• Problem details: From the first line to the last, please reproduce the material exactly, skipping the pictures.

##### Data block

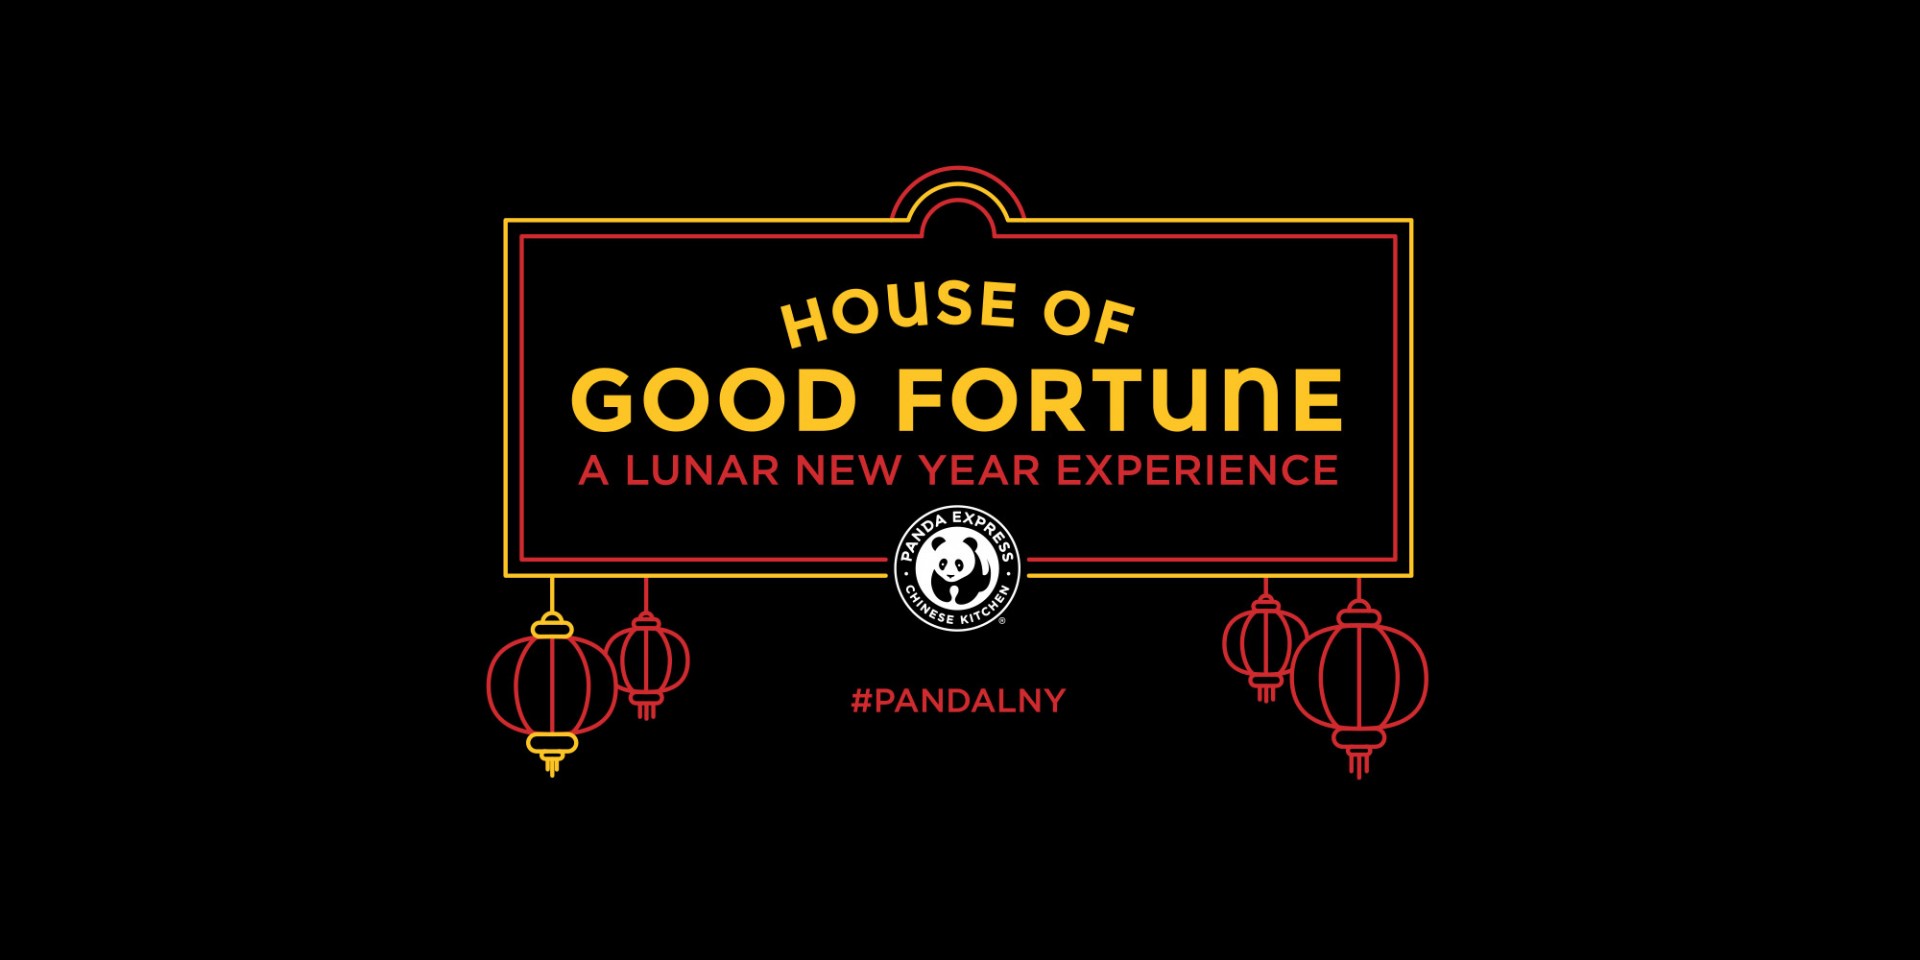 Panda Express | Lunar New Year 2019
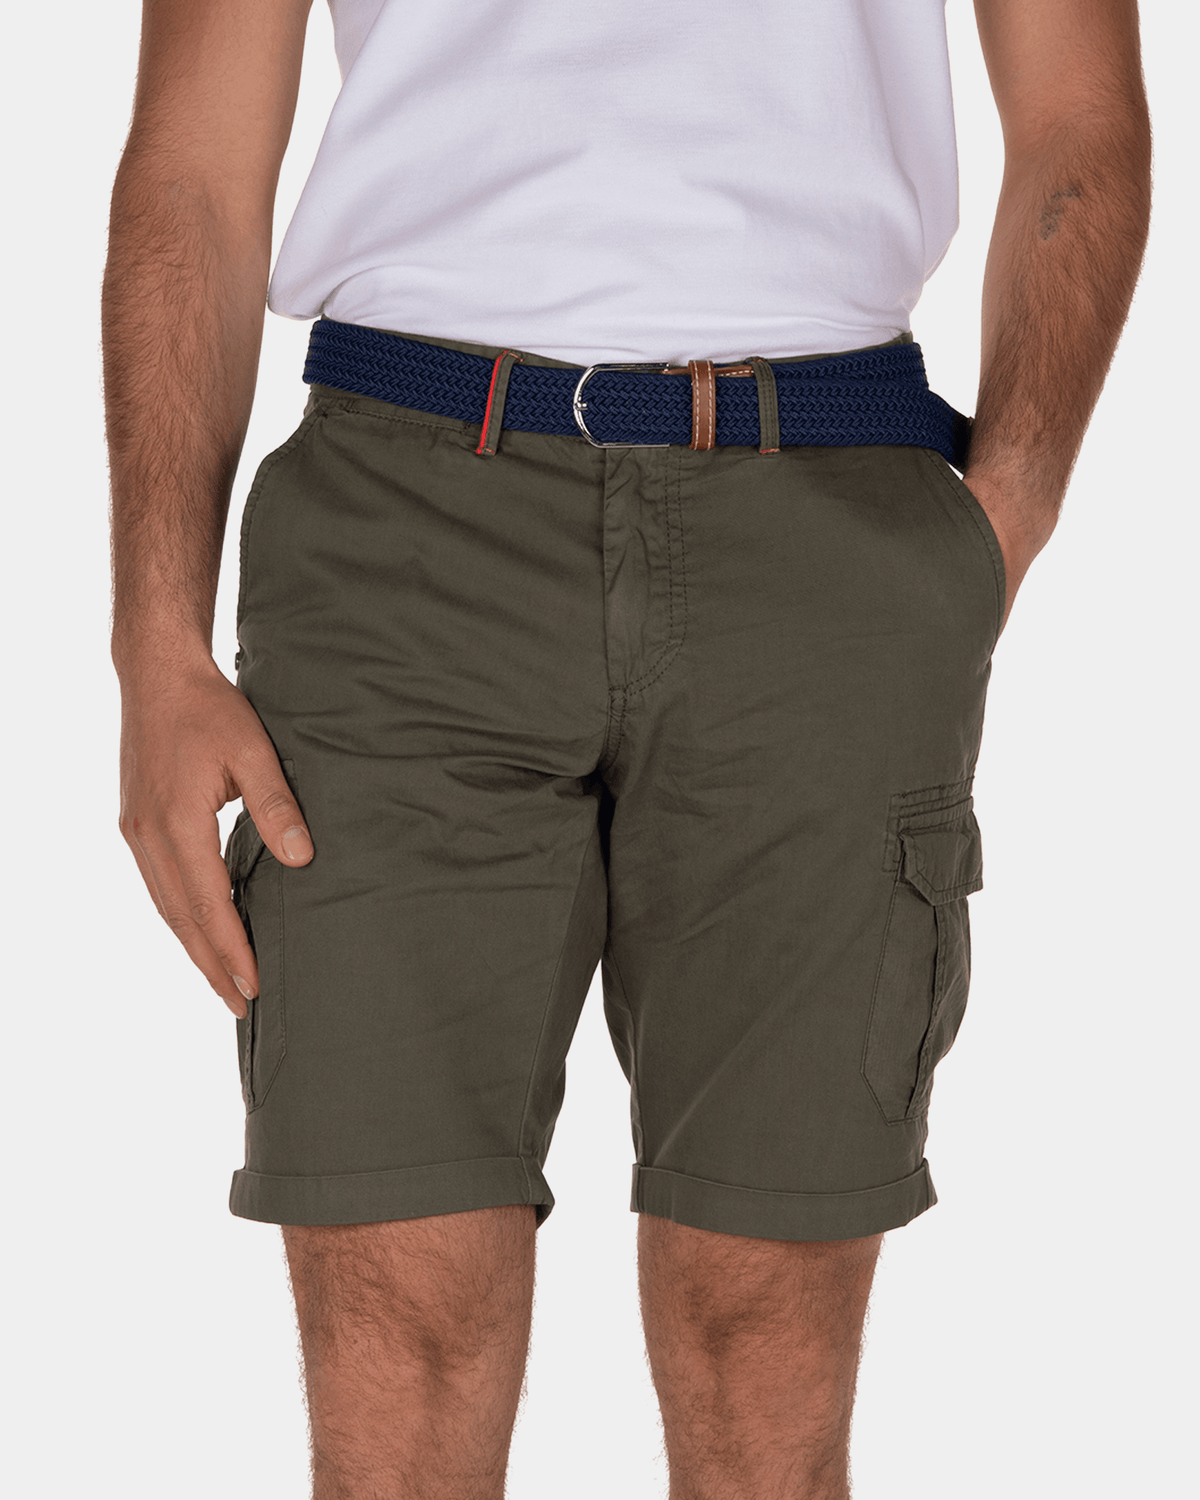 Larry Bay cargo shorts - Army
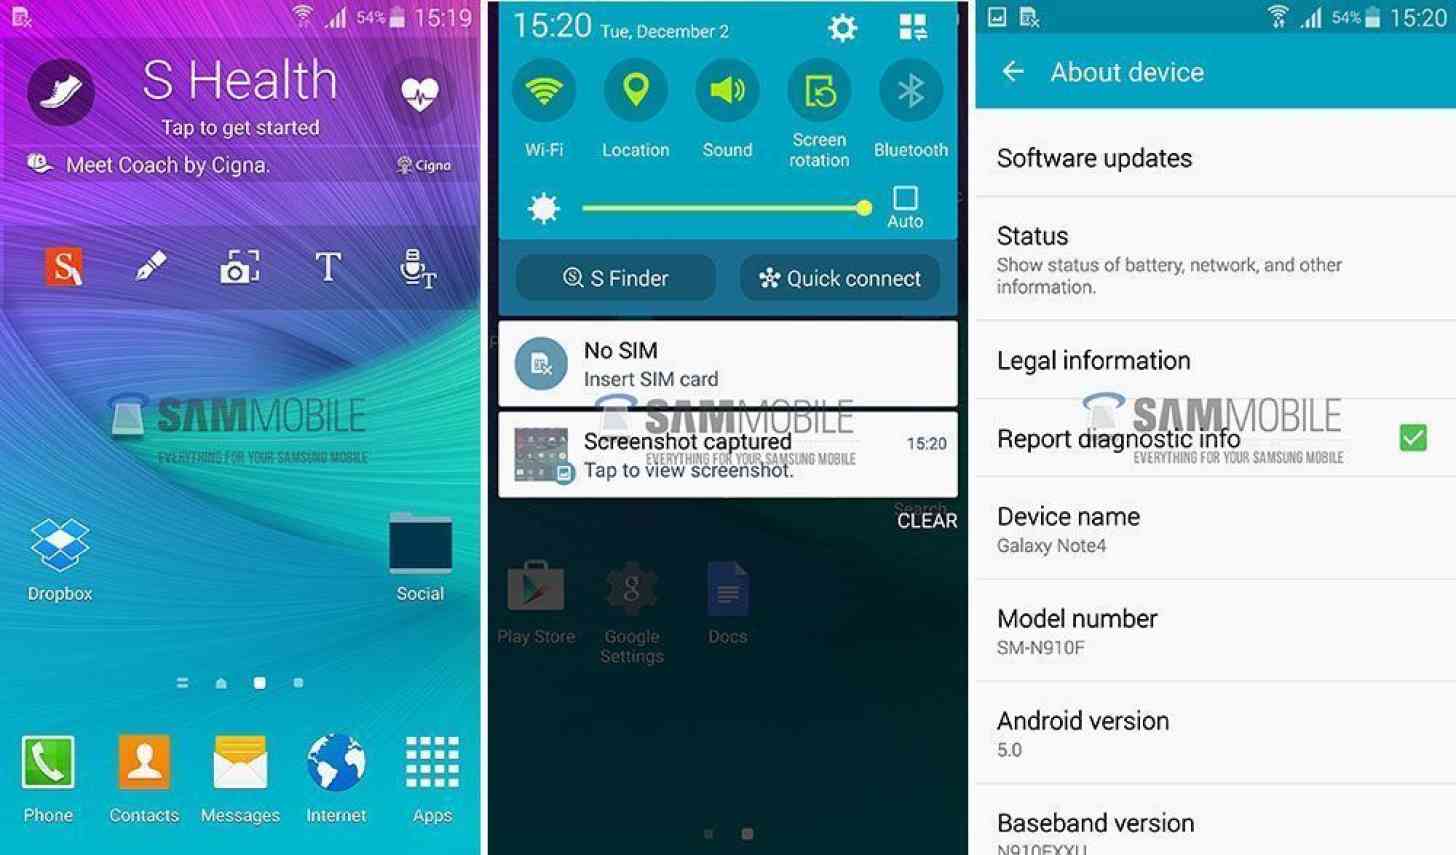 Samsung Galaxy Note 4 Android 5.0 Lollipop screenshots

##########

• Exercise solution:
 Panda Express | Lunar New Year 2019
 Larry Bay cargo shorts - Army
 Samsung Galaxy Note 4 Android 5.0 Lollipop screenshots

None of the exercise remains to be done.